А этот не сказать чтобы худой, но какой-то плоский телом и прямой, это из-за плечей, не узкие. И припыленный весь будто, его бы отмыть, приодеть. Отчего-то она сразу не то что неравнодушно эту мысль приняла – взволновалась ею прямо… ох и дуры мы, без тебя, наверное, есть кому отмыть-одеть, не парень уж – мужчина, погляди получше. Семеро по лавкам, гляди… ну, не семеро – девочка одна, две ли, у таких девки всегда, не оторвешь. Такого не оторвешь. Через плечо сумка, к родне, может, какой едет в Непалимовку к нам или по делу – к кому бы?..
Ну не кулема, уже ругала она себя, переспешила со сборами, кольцо на левую не надела – а ведь хотела! Ведь уже сунулась в шкаф, к выдвижному, а тут кофточку увидала – взять, не взять? Жара, а с другой стороны – легонькая, для утра-вечера, и к платью шла, давно такую хотела, треть получки ухлопала; и вот взяла, а на кой, спрашивается, париться в ней? Снять надо, вот что, и прямо сейчас. И в сумку ее, в сумку! И кольцо – носи, за тем ведь и купила, нечего опускаться… что, опустилась? Ну нет, еще годочков несколько… А тоска какая, Господи, кто бы знал тоску.
Он, что ли, знал? Наверное; но никогда ей после о том не говорил и не скажет, с ним на эти темы не разговоришься. Не разбежишься, скажет: ты ли это, матушка? И правильно, не говорят об этом, все равно ничего не объяснишь. Молчат, и оттого, может, тоска.
Но до чего глаза равнодушные у него – там, в прищуре ли, прорези: посмотрел, и она храбро выдержала их, глядя открыто, честно, как могла; а в это время автобус уже заваливался с грейдера на сельский их «аппендицит», и открылись разом в прогале старой кленовой лесопосадки Непалимовка их и заречная луговая даль, а за нею увалы степные со скудной зеленцою по красноглинистым осыпям и потекам на склонах, с туманным осевком небесной сини на самых дальних, в плоскость земную утягивающихся возвышеньях – там, далеко, куда ходили, бегали они сигушками еще в колок осиновый за ландышами, там бери их не обери… Ей нечего таить, она честная девушка. Она так это и сказала ему, глазами; а сказать вслух кому – не поверят: мол, знаем нынешних вас… Не всех знаете. Господи, как она тогда вырвалась из-под того, Мельниченко, – себя уж не помня, вывернулась: «Не сейчас, обожди… не здесь!» Не здесь и нигде, локти себе потом кусал, бегал за нею – а ведь уж думал, что все, приручил, никуда-то не денется… Делась. Делась-подевалась, как знала.

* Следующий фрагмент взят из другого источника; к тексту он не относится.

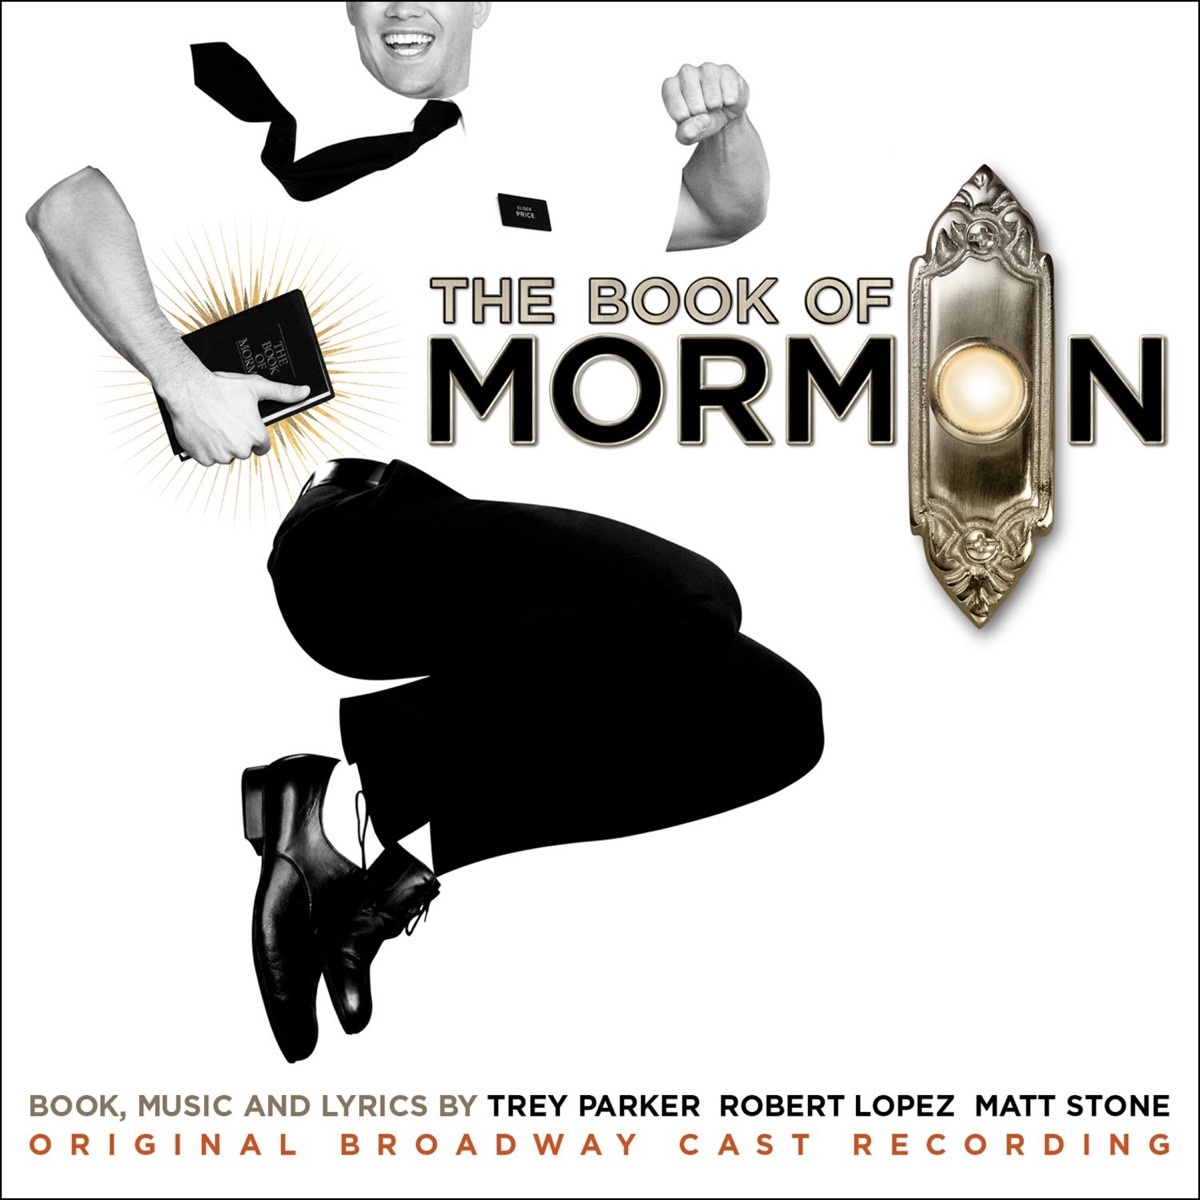 Book of Mormon cast recording

Постой, о чем ты?.. Знала? Знаешь, для кого?
Да что она знала, что знает сейчас вот – когда мужчина смотрит, с этим равнодушным и потому оскорбительным почти взглядом, на нее смотрит, на красивую, цену не сама выставляла – люди; а он бог знает откуда, не сказать, чтоб уж такой приглядный, и совершенно чужой: резковатые складки у губ, это серое от загара, припыленное будто лицо… Чужой, но тот. Которого никогда еще, кажется, не встречала она, во снах разве, но и там ни глаз, ни лица даже, одно ощущение силы этой, надежности в прямых плечах и того, что – свой… Смотрит, и ни тени интереса, кажется, ну как на куклу, на стенку ли какую, черт бы их тягал, дураков, то удушиться готовы, то не глядят. И тот, Мельниченко, девку послушался, дурень, пожалел – «не здесь»… А где, скажи на милость, в мечтах? Там нас нет, там шкурки одни, бесплотность. А мы здесь: кулемы с утра, к работе подмазалась, бежишь, стирки набралось и долгов, регула мутит, на все бы плюнула – а ты цвети и пахни. Ты скрипи, но пой.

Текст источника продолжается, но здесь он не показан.